Fostering More Joy

A friend bemoaned that she was struggling to find joy. Her life felt like a series of must-dos and reactions to the needs of others. She longed for the simple feeling of a good belly laugh (this friend has an amazing, infectious laugh) or for the float of a beautiful dance move, the body meeting music in the most natural, open way.
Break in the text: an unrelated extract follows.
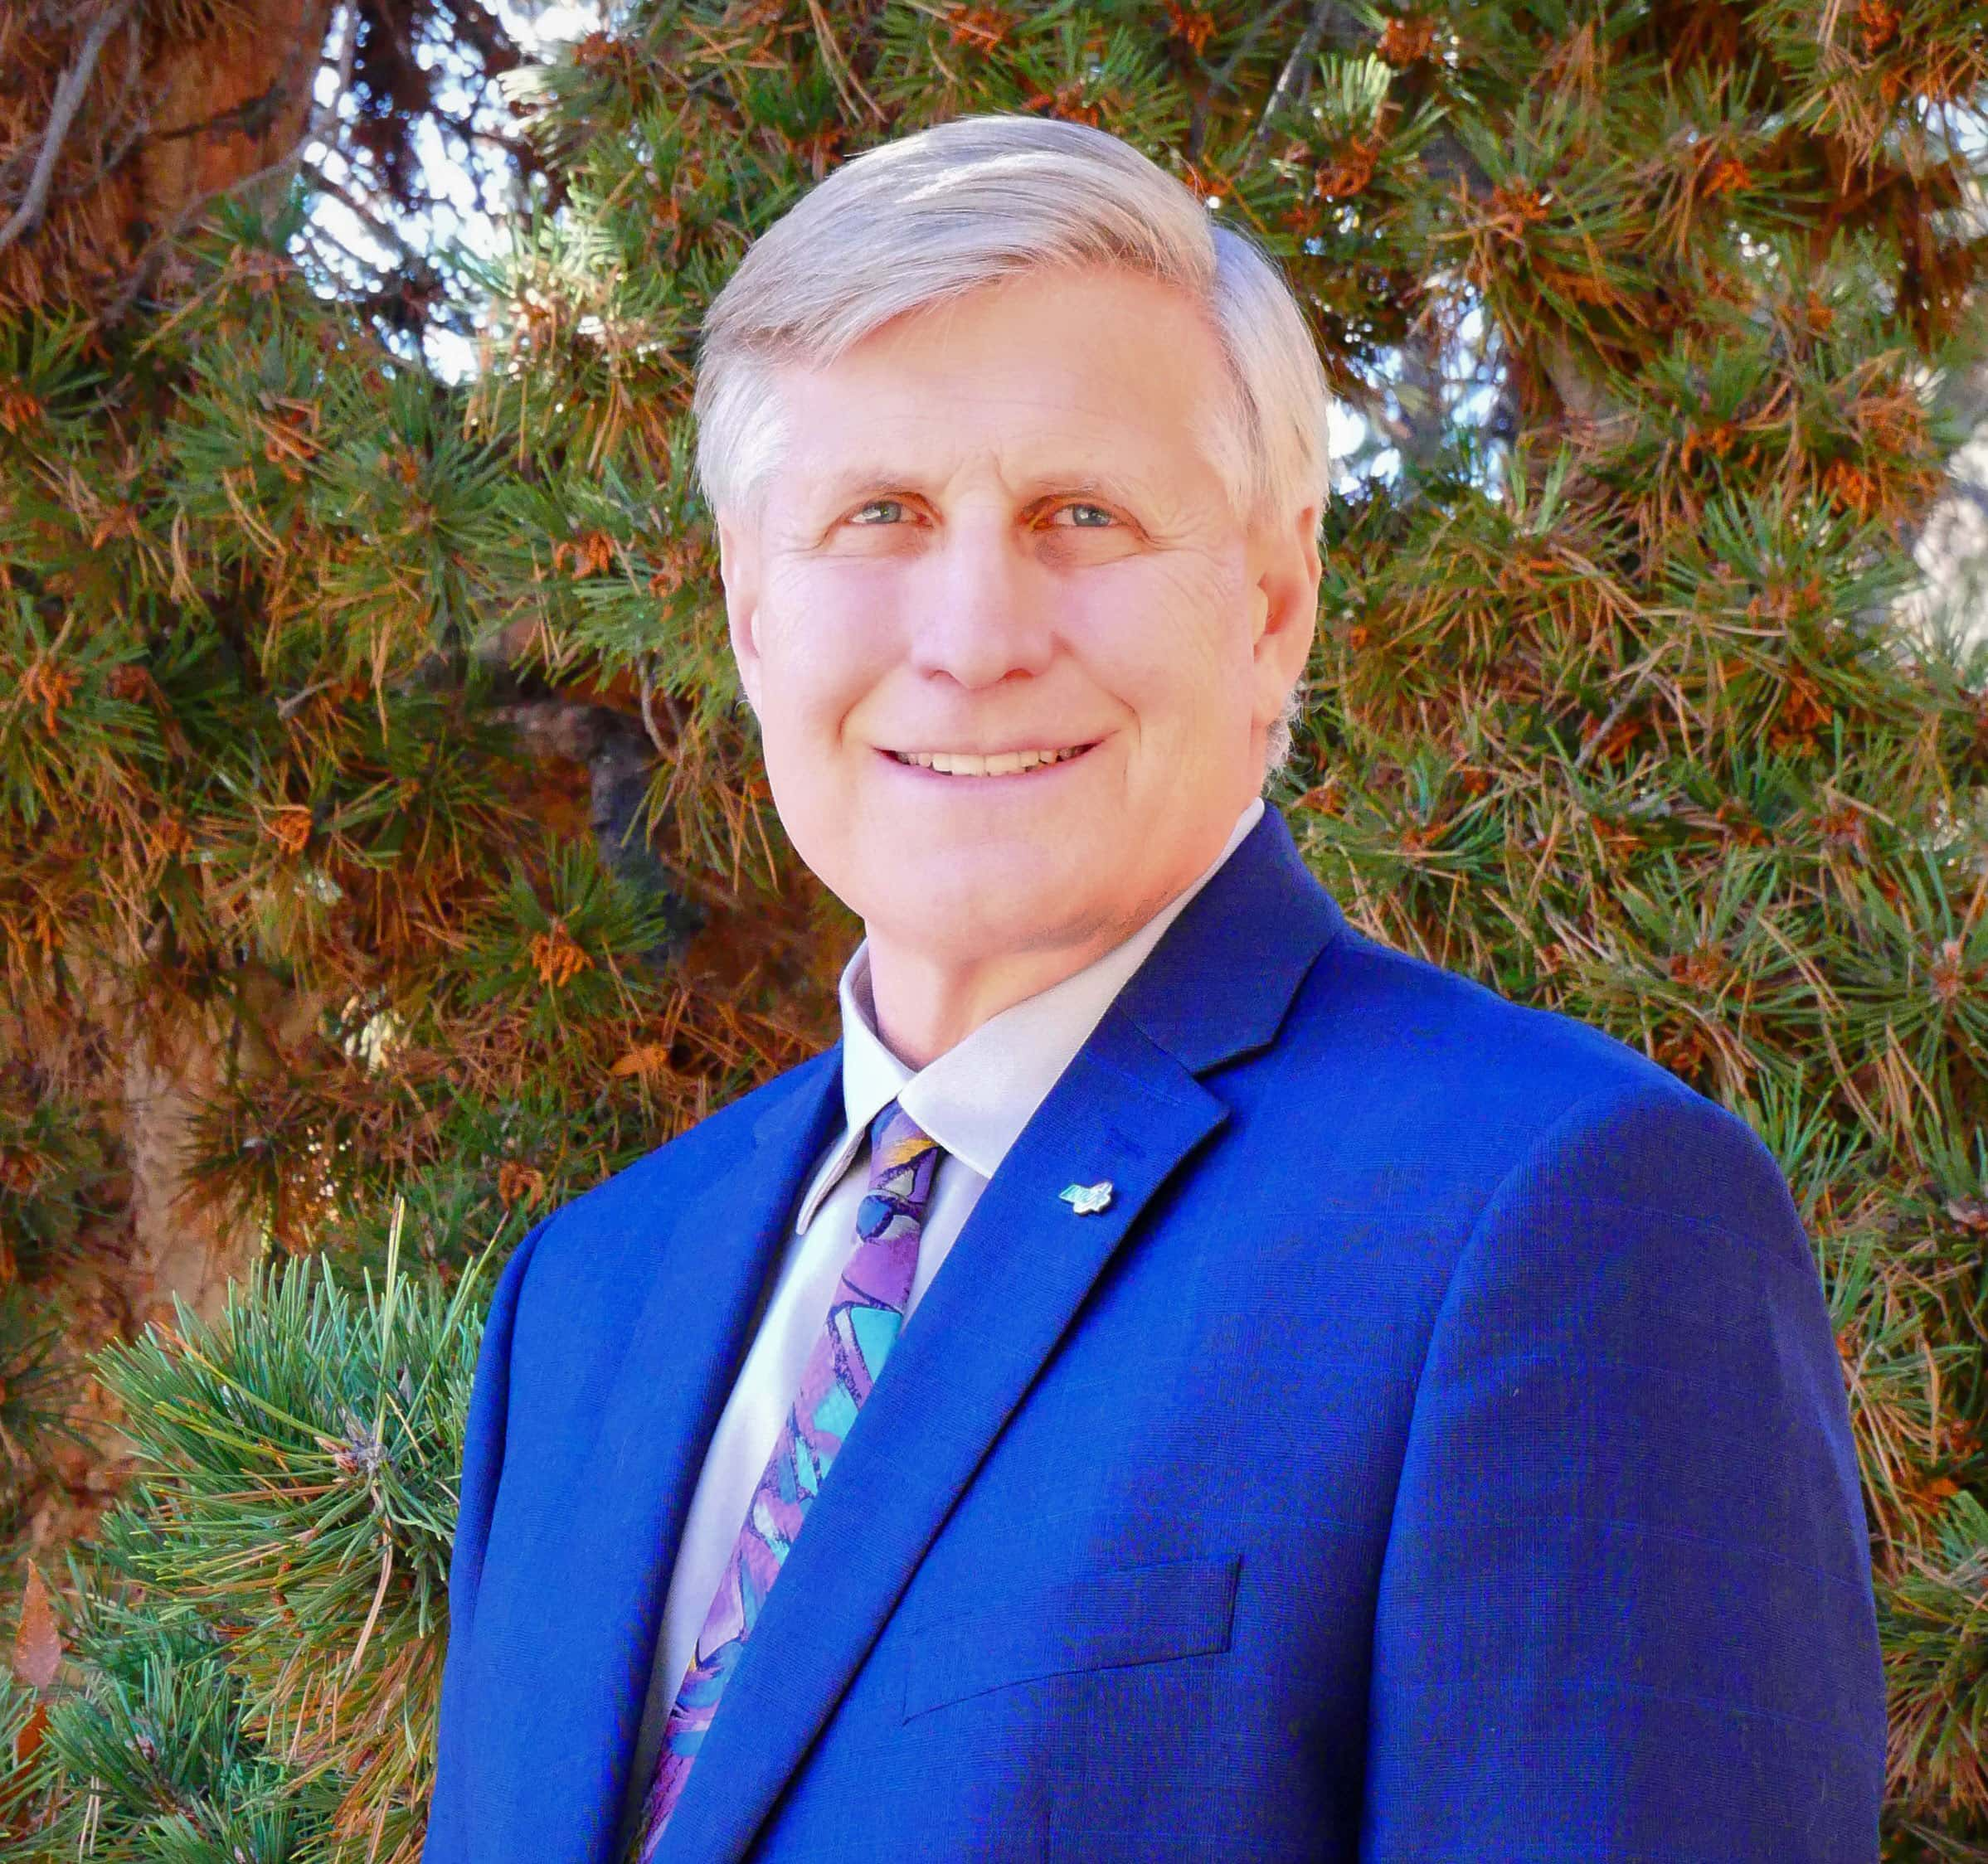 Dr. Shawn Powell

Listening to her, it occurred to me that when I read through or fill out one of those questionnaires that gives you a snapshot of your current life, the sense of play or joy is also my most undeveloped aspect. This is not to say that I would define myself as unhappy - not at all. But, I do miss that sense of spontaneity and fun. It definitely feels as if it recedes with age. When we begin our coaching engagement with new clients, we ask them to take a look at different aspects of their lives, including a sense of fun and play. Quite often, this is the first thing to drop when we get busy — our jobs/family obligations take over and we don’t feel we can give ourselves permission to do the one thing that makes us truly alive. Our clients reflect this back to us as well. They wish for the connection that joy brings.

Children (if they are well-adjusted and safe) express joy and wonder all the time. And its not just because everything is new to them. I danced in the summer rain happily when I was ten - certainly not the first time I experienced rain! Where did that spontaneity go?

Mind Games

So. What to do? First it’s very important to become aware of a) what you find pleasant and b) what you find unpleasant. This is basic mindfulness - following the observation that our mind categorizes all experience into pleasant/unpleasant and neutral. Test this out for yourself and you will see it’s true.
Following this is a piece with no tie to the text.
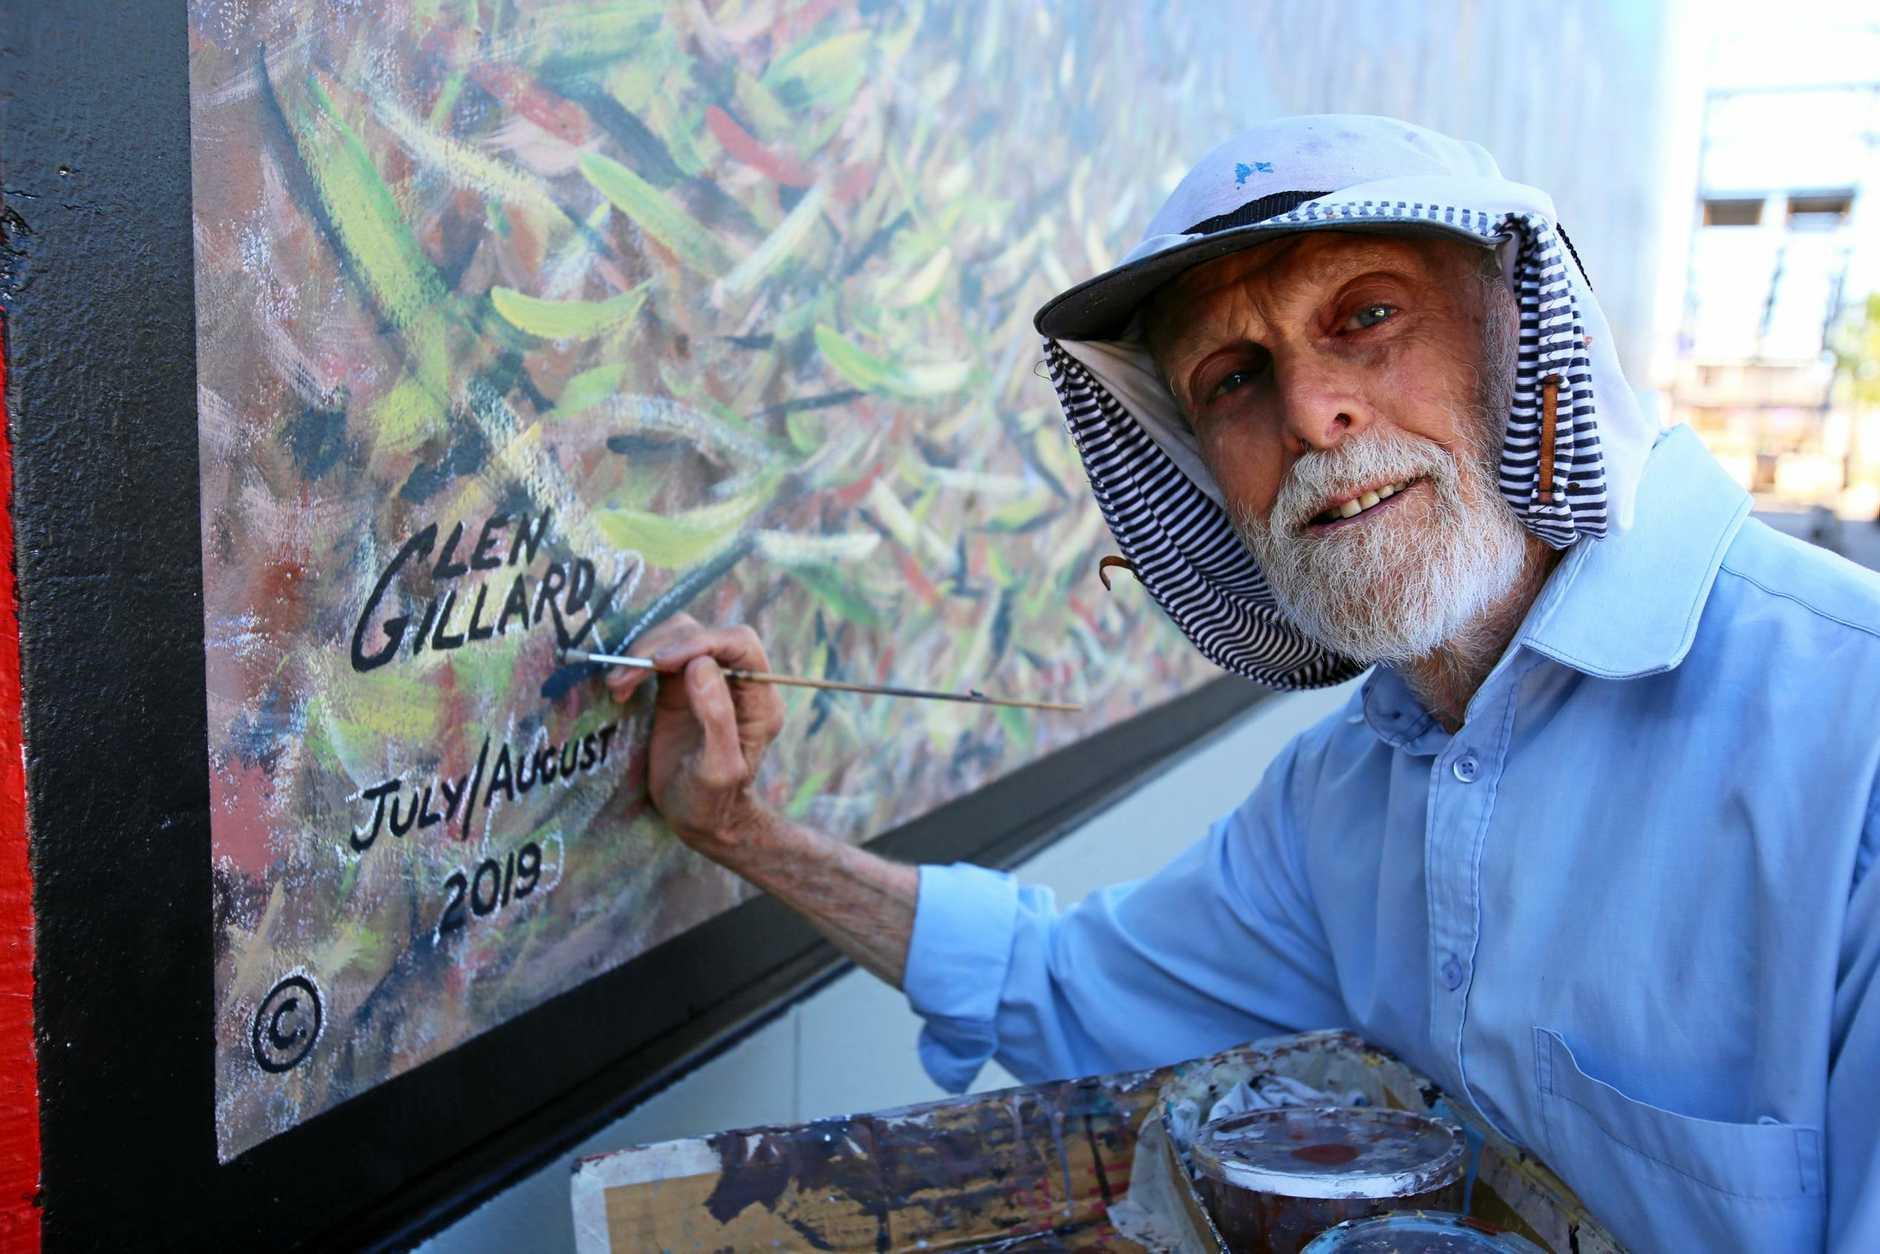 SIGNED OFF: Artist Glen Gillard signs off on his latest mural.

Then, as you begin to watch your reactions to daily activities, you may find that it is not the activity that is unpleasant or neutral, it is your mind and what is going on in your thoughts that actually creates a general sense of unpleasantness. For example, I usually enjoy cooking. I’m good at it, people appreciate my food and it can be a true joy to chop, stir, taste, smell, etc. But, even in the midst of an activity that, on the face of it, I would say I enjoy, I find my mind rushing ahead to the next thing that needs to be done. I’m not even present. And, in the course of not being present to anything but my mind stream of must-do/what’s next, I create a very unpleasant experience. To the point where I actually can find myself resenting and disliking cooking (because it’s taking me away from the next thing, which I will then probably engage in, thinking about what is next after that. Never living in the moment.) I have found that if I collect myself, take a breath and return to the activity at hand, I can experience pleasure right there. Ask yourself — is there a regular activity that I do (cooking/gardening/walking) that I have allowed to be “just one more thing” instead of really being present? Coming back again and again to the moment, to your awareness of the moment, even if it seems mundane, will bring you more happiness.

Try The Joy Workout

How about adding a fun little “joy workout” to your daily routine? This workout featured in The New York Times was developed by a psychotherapist and based on research around the physical movements that engender joy in the heart and mind. If you’ve read any of our work or taken any of our classes, you know that we encourage a tending to heart/mind/body/spirit and that we believe that all are entwined and need support/tending in order for us to live fully and freely (and joyfully!). My cousin, who is a Critical Care Pulmonologist did this joy workout every morning as she navigated her way through the horrors of the pandemic. She meditated too. She was busy saving her life — not just her patients’s lives. She credits both practices with getting her through. So try this and see if it doesn’t lift your heart.

Gratitude Practice

Finally — get real about gratitude. As we’ve said before, gratitude and engendering it is one of the key ways of building a sense of well-being. To find joy, we really need a solid ground of well-being - otherwise, we may seek “joy” through unwholesome/unhealthy moves. Take the time, every day (morning or evening) to write down 3 things you are grateful for and why. Notice the beautiful change this makes in just a few days. It really works.

It’s The Little Things

Ok, a couple more things (sorry!) - look for the little things. Try singing out loud in the car - turn that music up really loud! Listen to comedy. If you once played an instrument, pick it back up. If you didn’t, crank up the music and play some air guitar! Got get some bubbles from the store and blow bubbles just to do it. Use your imagination!

Joy can be practiced and tended. And it’s not a sign that your life is boring or terrible that you need to do a little work to find joy. It only means that sometimes we need to work for something that makes your heart sing. I think of the poet Mary Oliver who went out every day with a pad and a pencil, actively seeking the wonder of the world. She knew the importance of capturing the exquisite moments. You can do this too! Take a breath, take small actions. Open up. Let yourself go.